• **Exercise instructions**: Leaving out every picture, copy the lines of the material below exactly, from the line containing "Löwengrip Blonde Perfection silver shampoo" through the line containing "Clearing Risks in".
━━━━━ Information ━━━━━
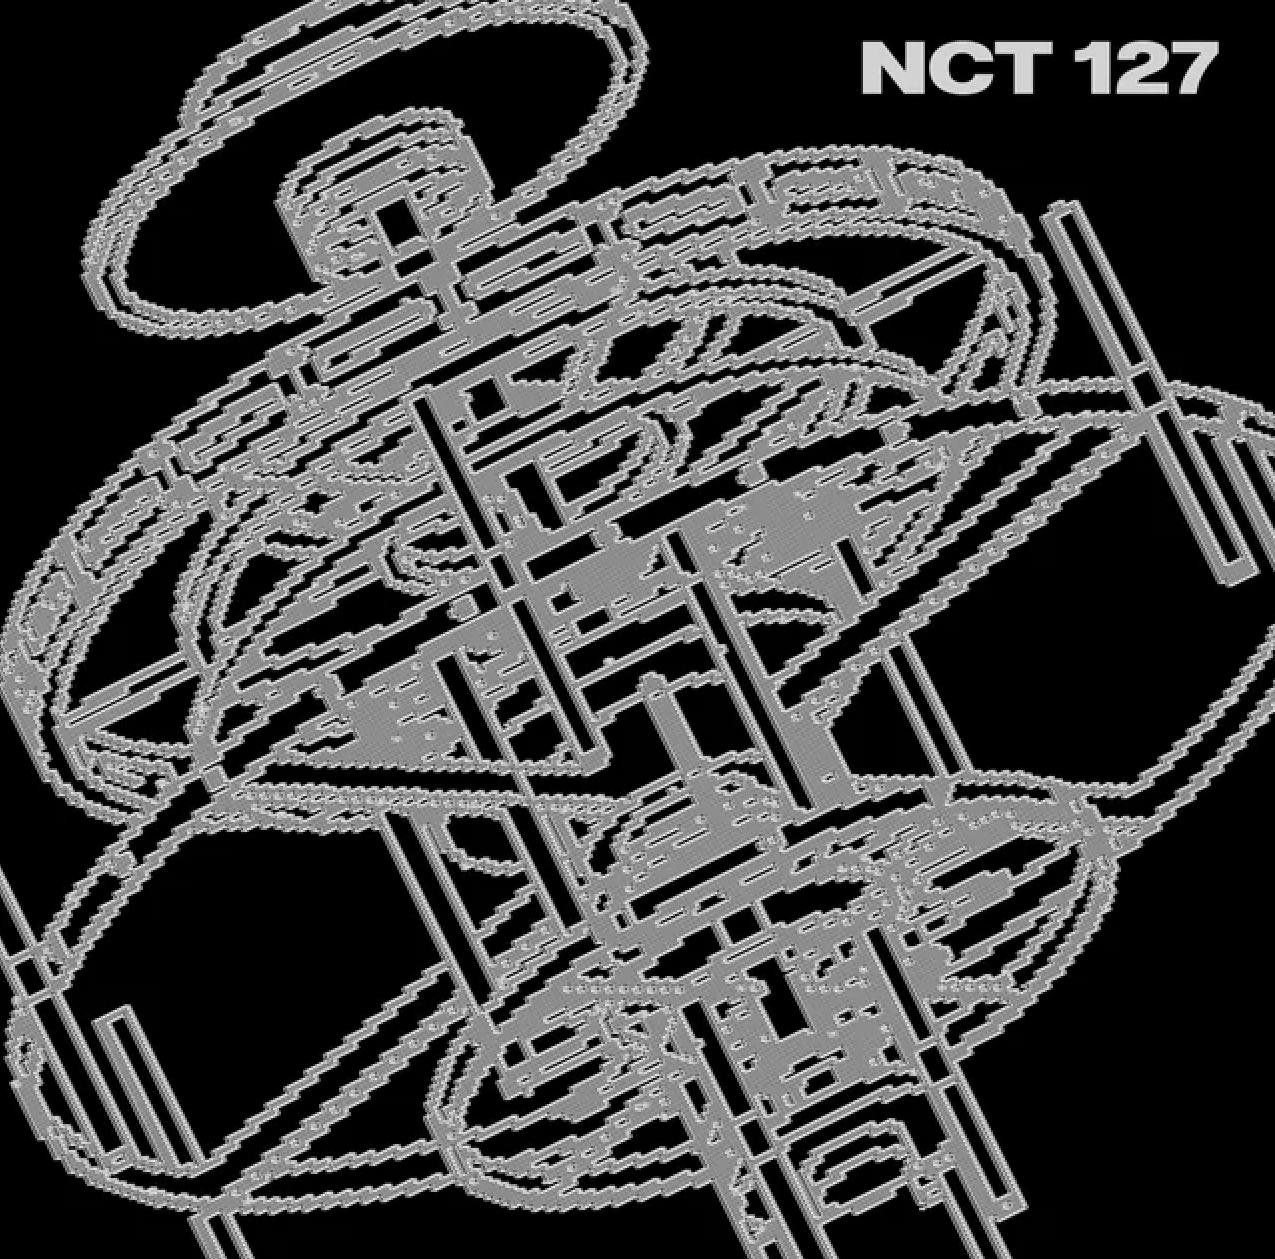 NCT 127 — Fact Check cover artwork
━━━━━
━━━━━ Information ━━━━━
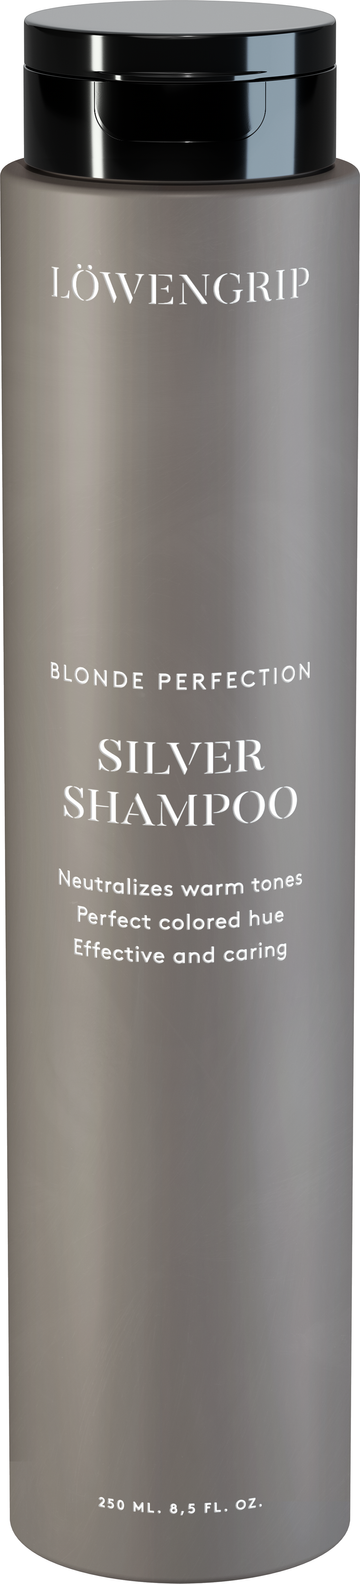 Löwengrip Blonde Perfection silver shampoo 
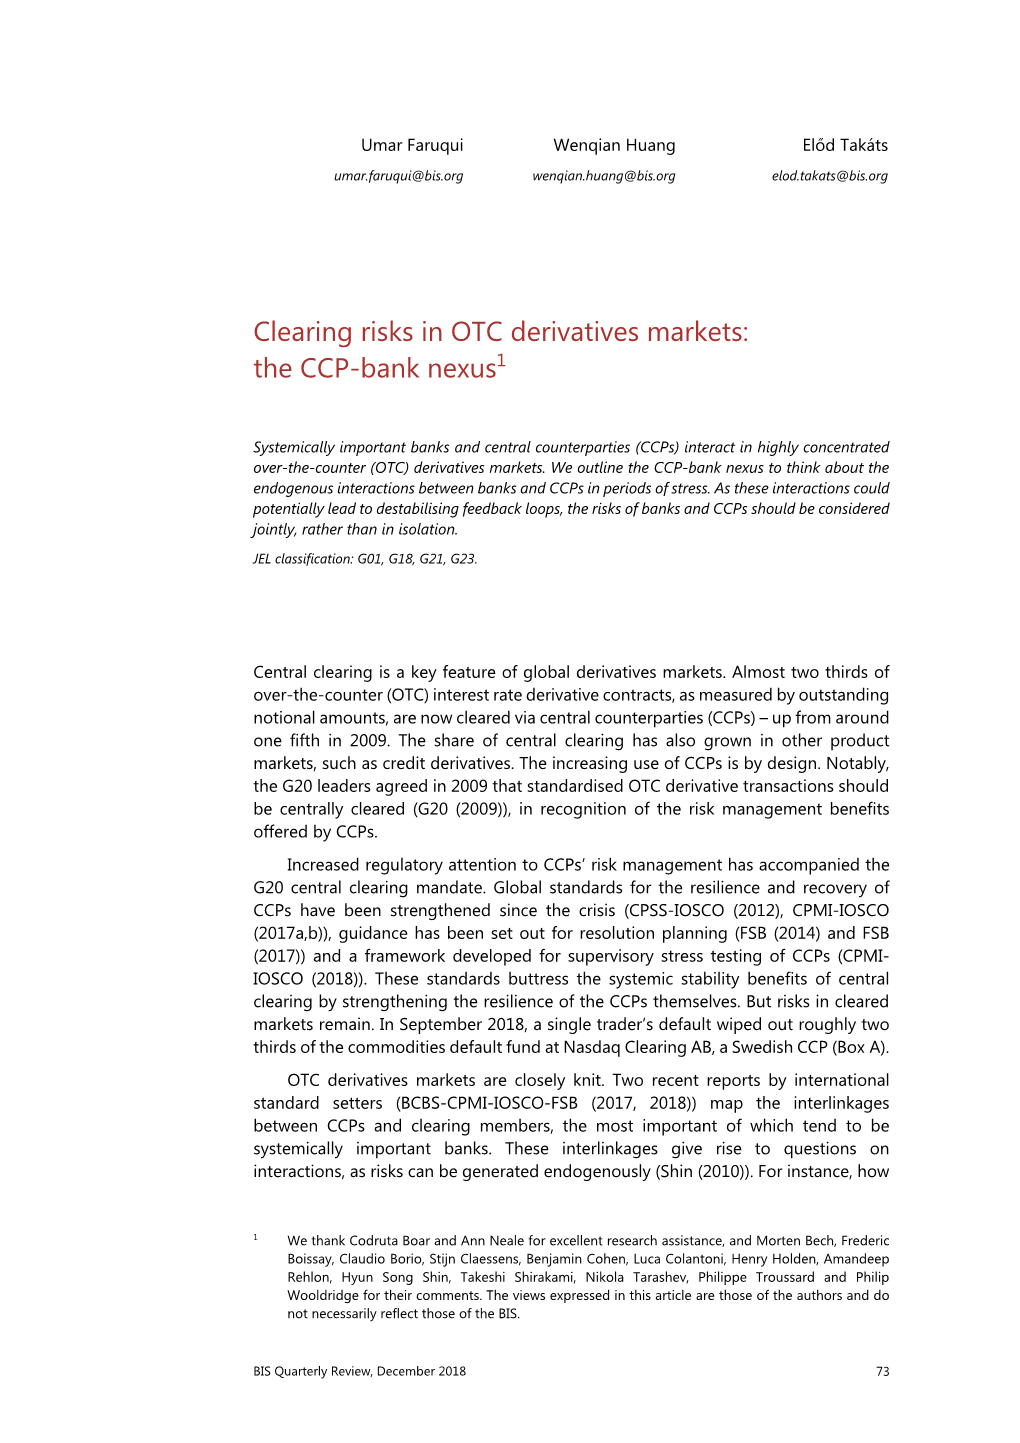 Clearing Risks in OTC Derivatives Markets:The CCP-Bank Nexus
━━━━━
━━━━━ Information ━━━━━
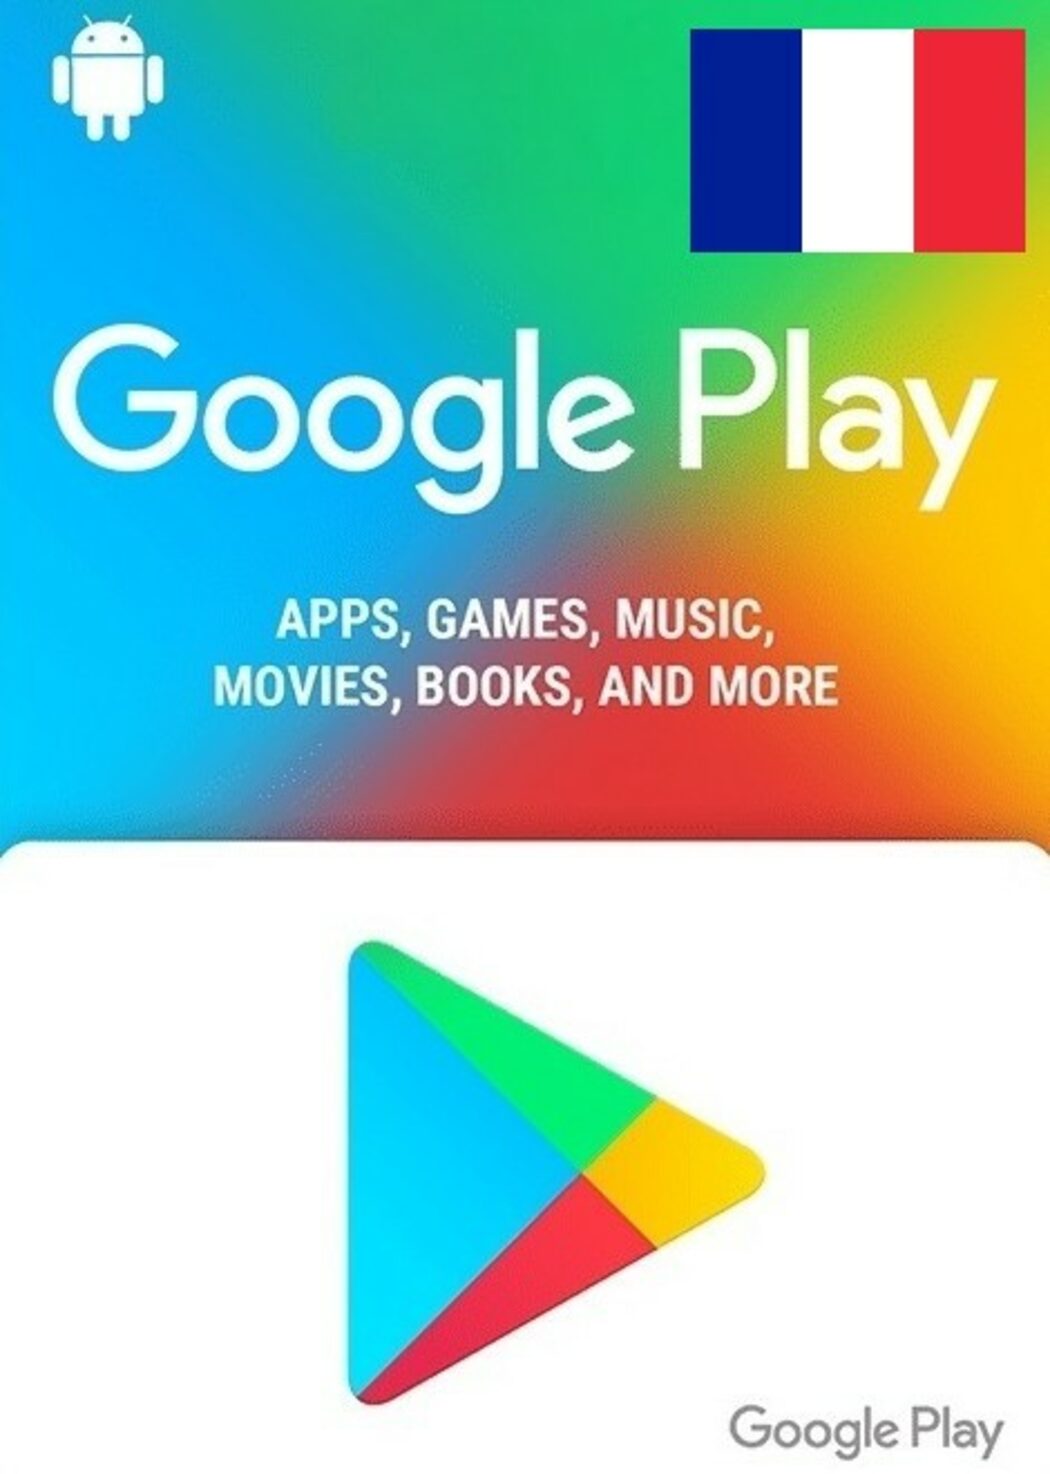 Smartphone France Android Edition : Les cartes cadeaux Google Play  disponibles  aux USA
━━━━━
• **Task answer**:
 Löwengrip Blonde Perfection silver shampoo 
 Clearing Risks in OTC Derivatives Markets:The CCP-Bank Nexus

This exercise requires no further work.